CHARLESTON, W.Va. (AP) — A dashboard with some foster care data collected by the state of West Virginia made its debut Wednesday, more than two months after it was cut by lawmakers from a bill proposal.
Advocates have said making the data available to the public could help both policymakers and nonprofit groups interested in assisting children while keeping residents informed. It includes information on Child Protective Service placements by county; types of placements, including homes and placement facilities; workforce information broken down by both district office and county; and out-of-state placements.
According to the Department of Health and Human Resources dashboard, which will be updated monthly, there are 6,654 children in the care of the state. One-third of the in-state placements are children living with relatives acting as certified foster parents.
Marissa Sanders, who is an adoptive parent and founder of the West Virginia Foster, Adoptive and Kinship Parents Network, has called the need for the dashboard critical.
“As a nonprofit, if I want to do a project in a particular county or region, I have to have data to prove that I need to do that project in order to get funding for it,” Sanders said. “I have pastors calling, saying, ’We’d love to support all of the foster families in our county.”
The youngest age groups in the dashboard represent about one-third of the total: About 1,050 foster children under age 1 and an additional 1,092 children ages 1 to 4. About 29%, or 1,937 foster children, are ages 13 to 17.

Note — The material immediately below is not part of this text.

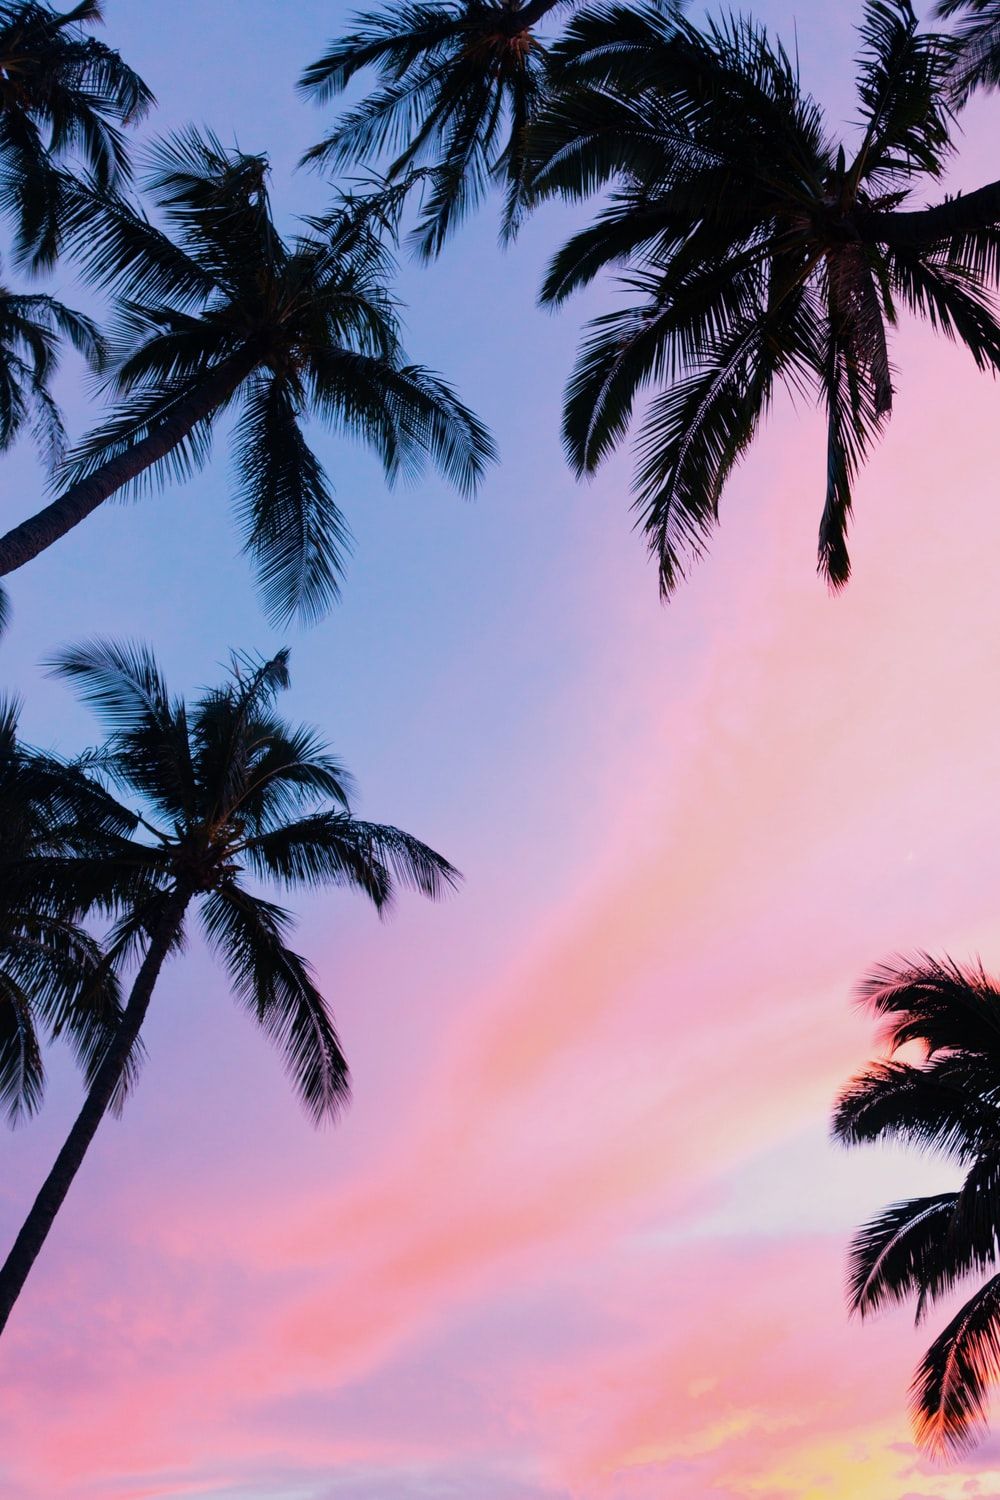 Palm Trees And Moon Amoled IPhone Wallpaper HD IPhone Wallpapers Wallpaper  Download  MOONAZ

There are 382 out-of-state foster placements with 23 other states involved. Nearly half of those placements are in Virginia and Pennsylvania.
There is a 29% vacancy rate statewide for foster care employees, according to the dashboard.
“Workforce is DHHR’s biggest problem right now,” agency Secretary Bill Crouch said at a news conference Tuesday. “Being able to hire employees, CPS and other employees, is becoming more and more difficult. These folks are absolutely crucial to what we do. They are so important to the system.”
To try to retain existing workers, about 970 employees of the DHHR’s Bureau for Social Services will receive 15% pay raises starting June 18. Vacant positions funded the raises. The raises and other key provisions were stripped from a social services bill before it died on the final day of the regular legislative session in March.
The state also is in the midst of hiring a consultant to review the massive DHHR, which has a $7.6 billion budget, or 39% of the state’s entire spending. In late March, Gov. Jim Justice vetoed a bill that would have split the DHHR into separate agencies, saying he first wanted to look into its “issues, bottlenecks, and inefficiencies.”
“DHHR is not broken,” Crouch said. “We take care of hundreds of children daily. We take care of adults who need our assistance and a variety of other folks. We want to make sure those folks are given credit for the good work they do.”